Врачи быстро вернули нас в строй. Мы оба могли передвигаться по палате и по коридору, хотя перед глазами иногда вращались круги. Ушибов или переломов не оказалось ни у меня, ни у Рамазанова, и все же эти врачи молодцы. Рамазанов, конечно, очень боялся за меня и все повторял: «После такого дождя остаться в живых — это большая удача, братишка туркмен». Чтобы поднять мое настроение, он рассказывал довольно комично о наших первых часах в больнице:
— Очнулся и сразу же понял, что мы в больнице. Лежу затаившись, а глаза чуть-чуть приоткрываю, осматриваюсь… Потихоньку пробую шевелить руками и ногами — на месте, но очень тяжелые, а икры так и зудят, будто пчелами искусанные… Понял, что конечности мои не в гипсе, стал выбираться из-под одеяла.
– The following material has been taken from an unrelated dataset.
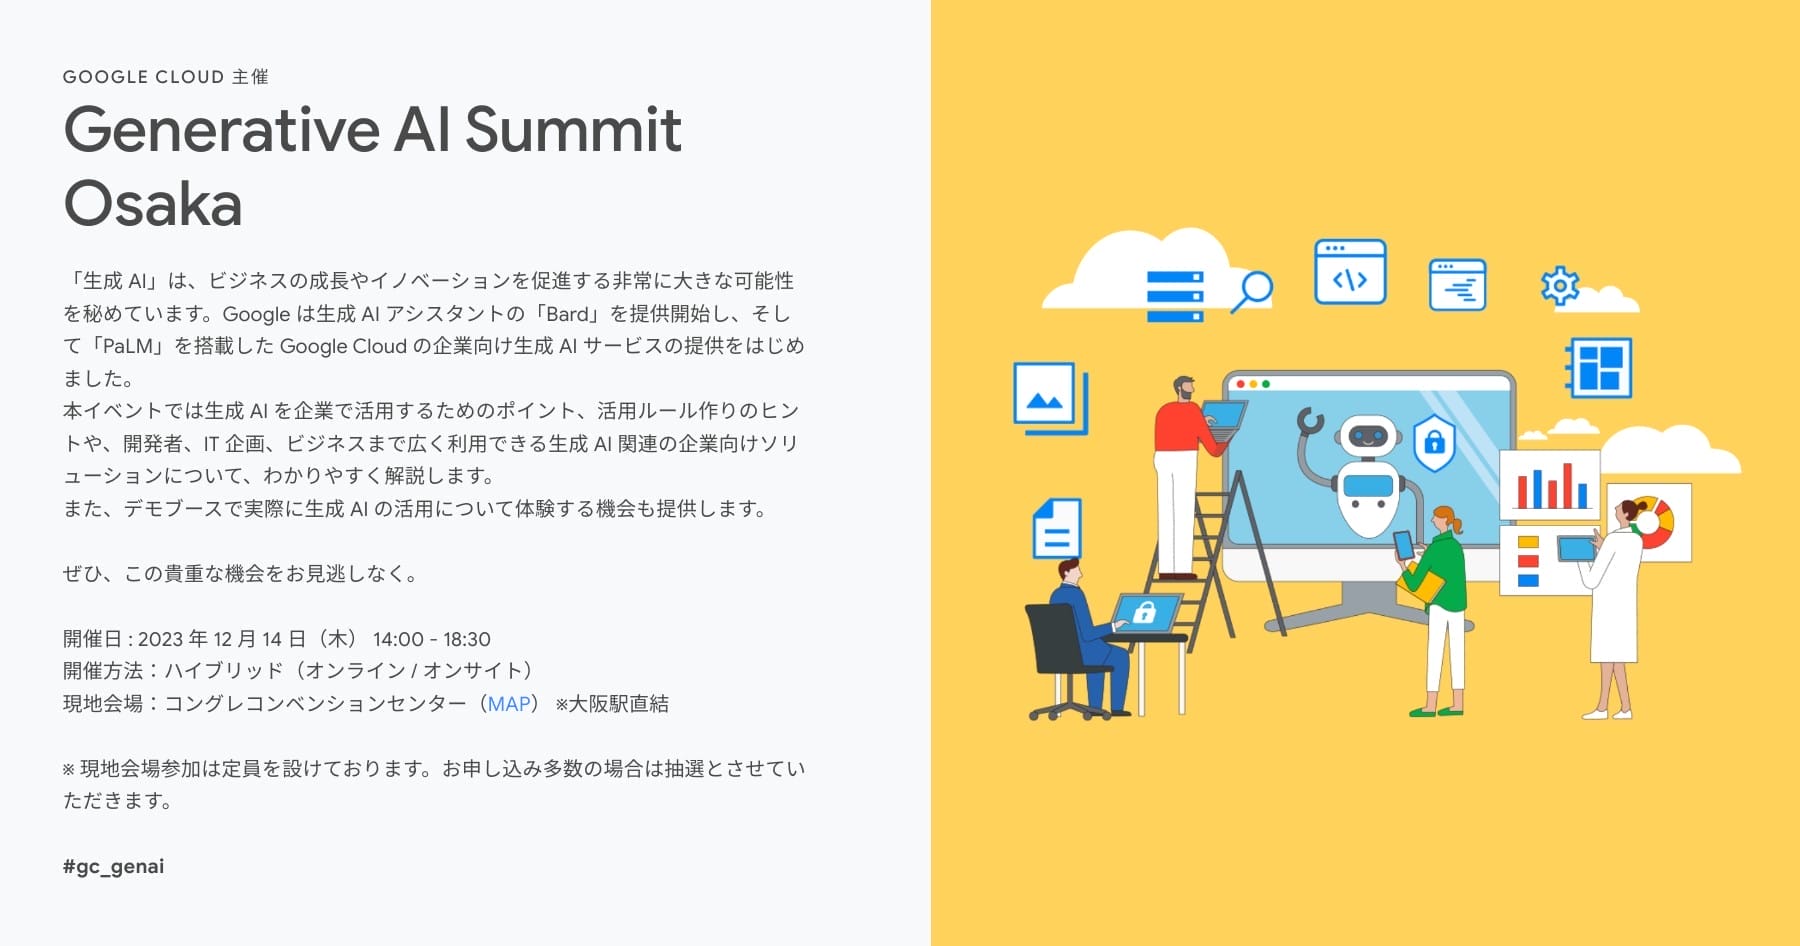 [Google Cloud] Generative AI Summit Osaka

Мне интересно было, где ты. Вижу: рядом, на соседней койке. Я тебя за плечо тряхнул, а ты проснулся и вскочил на кровати, решил, наверное, что это в армии утренняя побудка. Потом простонал: «Вах!» — и упал на спину…
Но в иные минуты капитан совсем другим тоном делился со мной:
— Не знаю, прав ли я, но сейчас поведение нашего провожатого вызывает большие подозрения. Не заманил ли он нас в западню?
И я сначала стал склоняться к этой же мысли, даже еще до того, как ее высказал Рамазанов. Или так бывает всегда — когда в беде один уцелел, то его начинают подозревать в коварстве… Но я не высказал своих сомнений капитану. Согласиться с ним — значит непроверенный факт поставить на обе ноги. Рановато. И я промычал что-то неопределенное, вроде:
— Но как он мог знать, что глыба не трахнет его по голове, стоял же рядом.
Я вспомнил один фильм и задал вопрос капитану:
— Мы стреляли из ружей?
— Стреляли.
— Сразу из трех?
— Залпом.
— Если так, то мы сами себе на голову сбросили лавину. Годы не только людей старят, но и горы. Скалы трескаются. Ветер их обдувает, делает неустойчивыми, дробит на отдельные глыбы. Малейшего толчка достаточно, чтобы какой-нибудь камень потерял опору…
— Что еще?
— Горы, по-моему, живой организм в природе. Они тоже растут. Происходит их перемещение. Очень резкие смещения мы называем землетрясениями, а мелких не замечаем и не чувствуем…
— Ты геолог, братишка туркмен?
— С чего ты взял?
— Тогда не мучайся, не учи горца.
Мне показалось, что Рамазанов слегка разозлился на меня, я решил не продолжать свои научные изыскания в области горообразования, чтобы не рассориться с капитаном.